The immediate cause of the event was inadvertent actuation of the Unit 1 generator main bank transformer protective relay. Protection relay actuation was the result of a ground loop (a positive-side and negative-side ground) on the non-safety related 250 Vdc Battery Board 2 system. The negative-side ground occurred on an improperly abandoned cable. The positive-side ground was not located before it cleared three hours following the unit trip. The protective relay is designed to trip the main generator and spray down the associated transformer if a sudden pressure is sensed in the transformer oil system. In this event, the sudden pressure relays did not actuate and testing after the trip verified that the transformer was unaffected.

B. Root Cause:

The root cause of the event was that a negative ground was created by an improperly abandoned cable. The cable was improperly abandoned during implementation of a modification prescribing that both ends of the cable be lifted and insulated. Only one end of the cable was lifted and insulated.
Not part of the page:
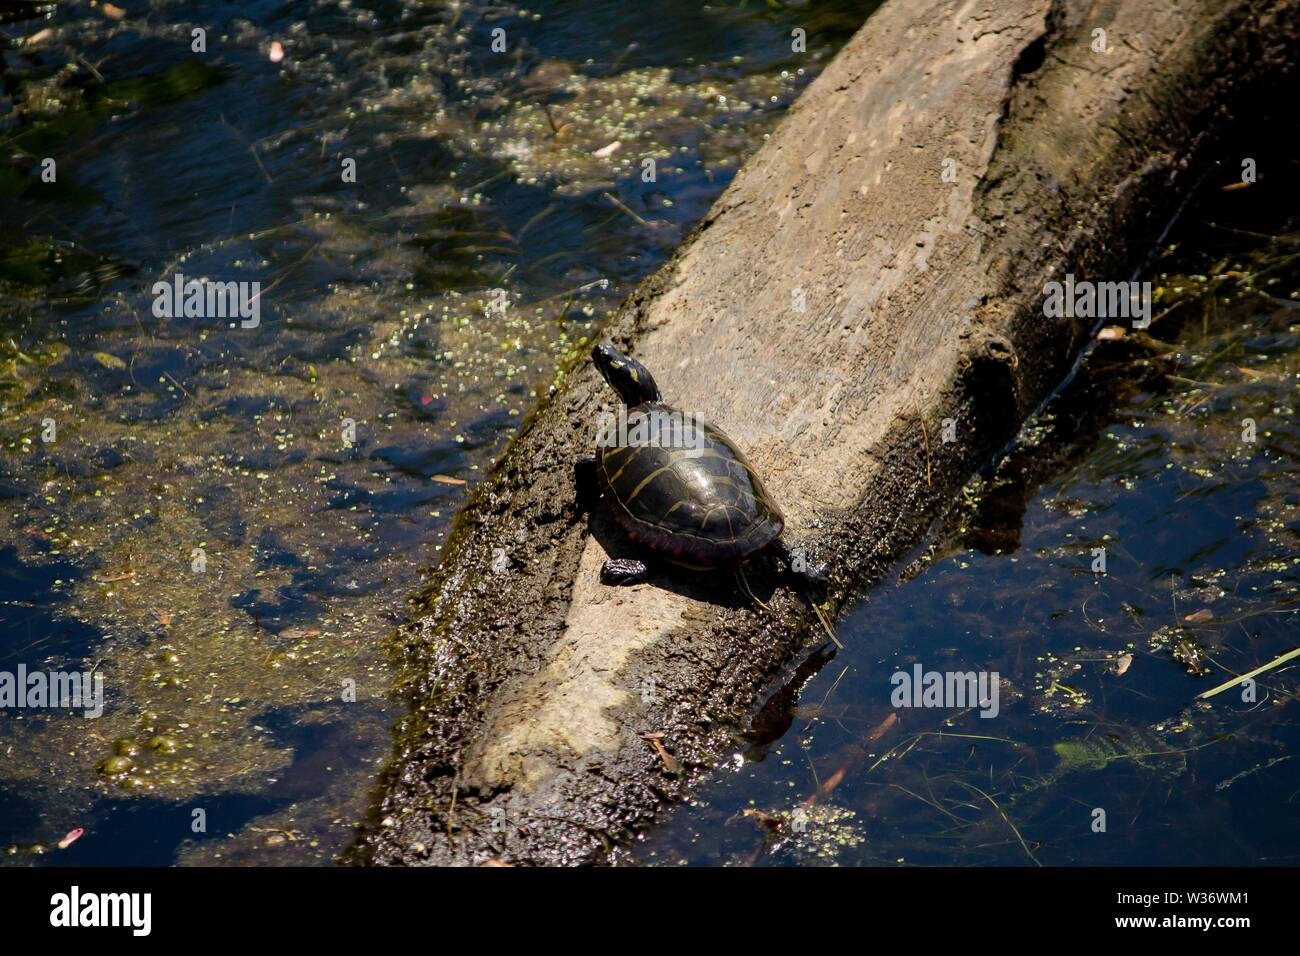 Primo piano di una tartaruga dipinta che poggia su un ramo in acqua Foto Stock

In 1999, TVA's Transmission Group personnel implemented a design change to site transformer sudden pressure circuits. The modification included removing the sudden pressure relay from the transformer tank on each transformer and replacing it with three sudden pressure relays mounted on a pedestal. Also, the trip logic was changed to a two out of three logic to eliminate a single-point failure concern. As part of the modification, both ends of the cables that was associated with each of the original sudden-pressure relays were to be lifted and insulated. A review performed following the event determined that only the sudden-pressure relay end of the cables were lifted and insulated. The wiring at the non-safety related 250 Vdc battery board system, which contains the main generator protection relays, remained terminated.

The cause of the improper cable abandonment was the failure to follow work processes and work package instructions for implementation of the design change resulting in steps being marked as completed and verified that were not performed as written. The involved individuals (performer and the foreman providing verification) incorrectly believed that lifting the cables at one end satisfied the intent of abandoning the cables. These individuals failed to realize that their action did not comply with the literal requirements of the modification.

C. Contributing Factor:

Contributing to the event were latent organization weaknesses such as maintenance processes did not have a method to locate small or intermittent grounds and no strong sense of urgency to clear ground conditions. A review of the annunciator system for grounds on the Number 2, 250 Vdc Battery Board System, identified 35 occurrences over a period of approximately three months. The type of grounds that were found were intermittent, short duration, low voltage, high impedance. Many of these grounds occurred during periods of rain, making ground identification and resolution difficult. Additionally, it was found that the ground detection equipment being used was not able to identify high impedance grounds.

IV. ANALYSIS OF THE EVENT

The plant systems responded to the main generator trip, turbine trip, and reactor trip as designed. The RCS average temperature was near its program value 578 degrees F before the reactor trip. Following the reactor trip, the loss of nuclear heat generation and the introduction of cold auxiliary feedwater resulted in a decrease in RCS average temperature to 538 degrees F. RCS temperature was restored to its no-load value of 547 degrees F after the reactor trip. Emergency boration was not required based on the shutdown margin requirements. Therefore, RCS temperature remained within technical specification and safety analysis report requirements during the event.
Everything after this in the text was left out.